The efficient enrichment and remediation of heavy metals from realistic wastewater and contaminated soil containing large excess of competitive ions remains a daunting challenge by far. In the present study, flower-like molybdenum disulfide decorated with iron oxide nanoparticles (MoS2/Fe3O4) is designed via a two-step hydrothermal method and mainly applied in the removal of Hg(II) and Pb(II) ions in aqueous environment. Exhaustive morphological, chemical and magnetic characterizations verify the successful formation of magnetic MoS2/Fe3O4. Batch adsorption experiments show that the obtained MoS2/Fe3O4 nanohybrid enables efficient capture of Hg(II) and Pb(II) ions, accompanied by ease-of-separation from solution by simply applying a magnet. In this respect, high adsorption capacities (263.6 mg g−1 for Pb(II) and 428.9 mg g−1 for Hg(II)) can be gained under optimized conditions (pH = 5.0; 298 K; nanohybrid dosage: 0.8 g L−1 and the contact time: 180 min).

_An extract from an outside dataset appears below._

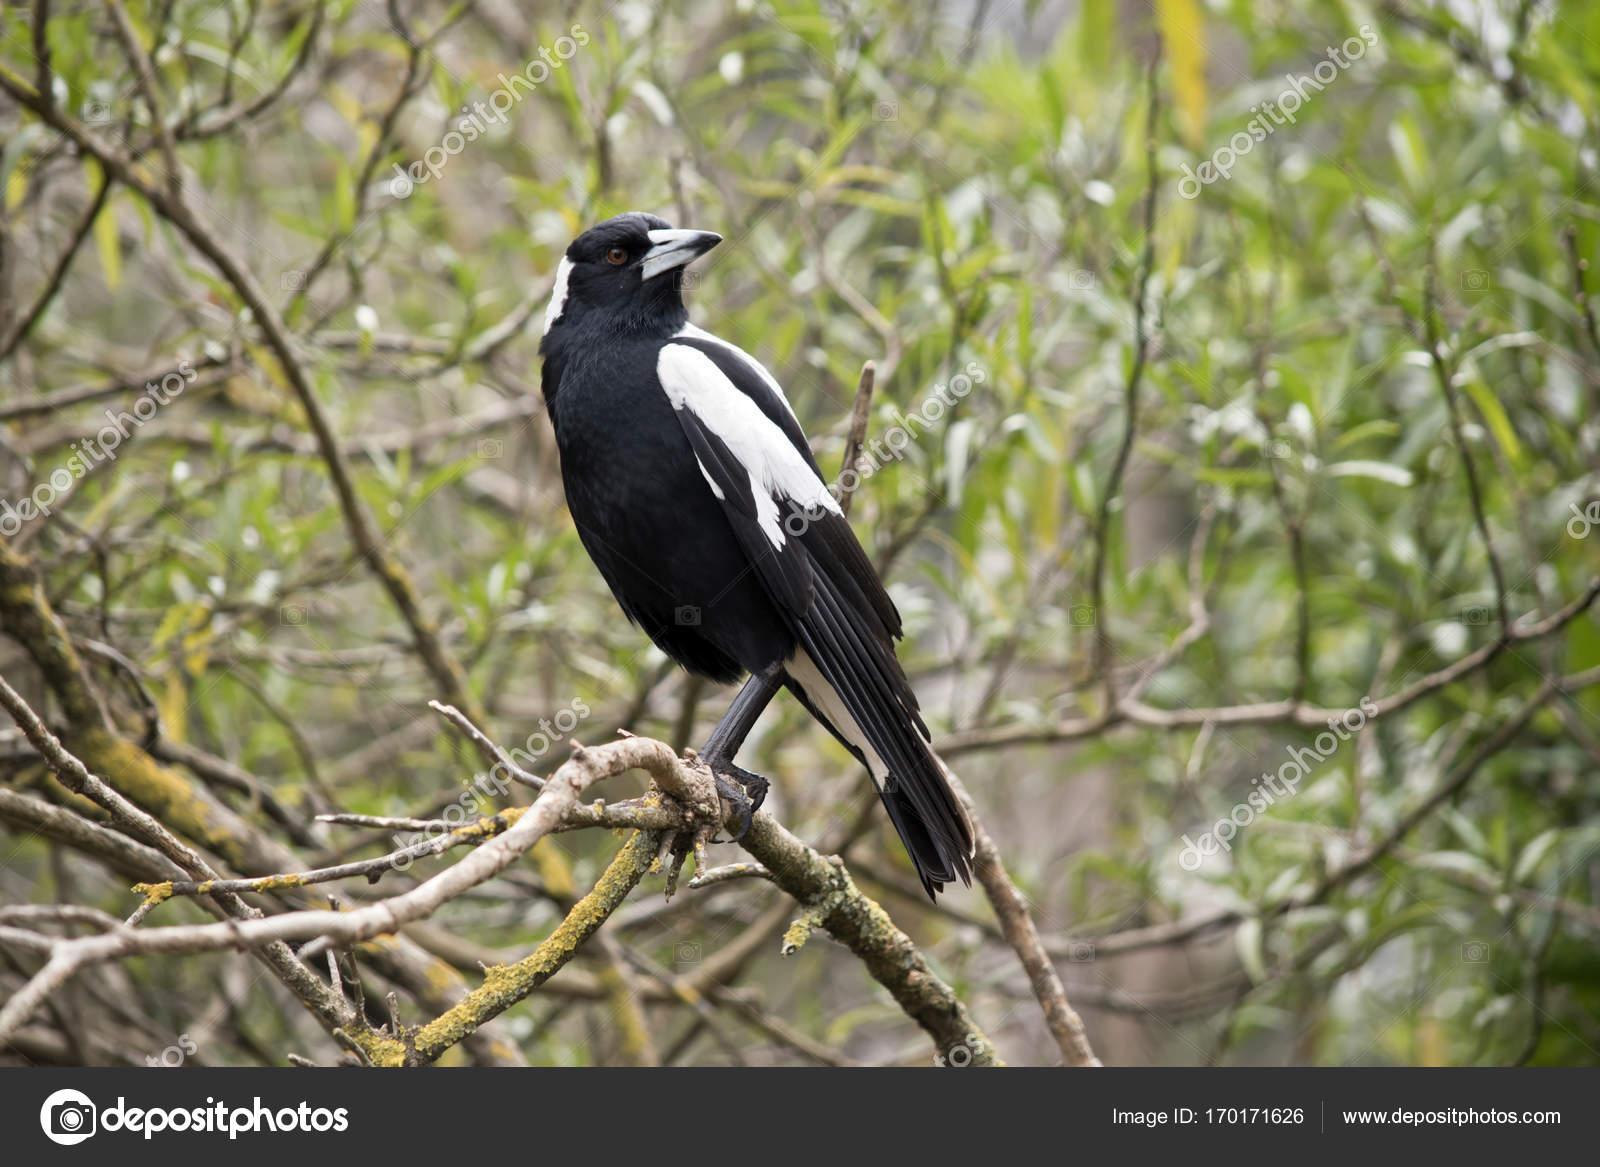 Aves Blancas Y Negras Aves Urraca Australiana Foto De Stock

In addition, the effects of different parameters such as initial Pb(II)/Hg(II) concentration (50–500 mg L−1), temperature (298, 308 and 318 K) and co-existing ions (Zn(II), Cu(II), Cd(II) and Mg(II)) were systematically probed. The favorable adsorption capacity, selectivity and recyclability mainly originates from the strong Hg2+/Pb2+···S2− bonding interactions. Practical application potential of magnetic MoS2/Fe3O4 nanohybrid in realistic lead-acid battery industry wastewater and Pb(II)-contaminated soil is further explored, achieving promising results with high Pb(II) removal efficiency of 99.63% for wastewater and 57.15% for soil. Simple preparation, easy separation and high adsorption capacity would foster thus-designed sulfide-based nanohybrid a promising adsorbent for heavy metal removal from wastewater and contaminated soil.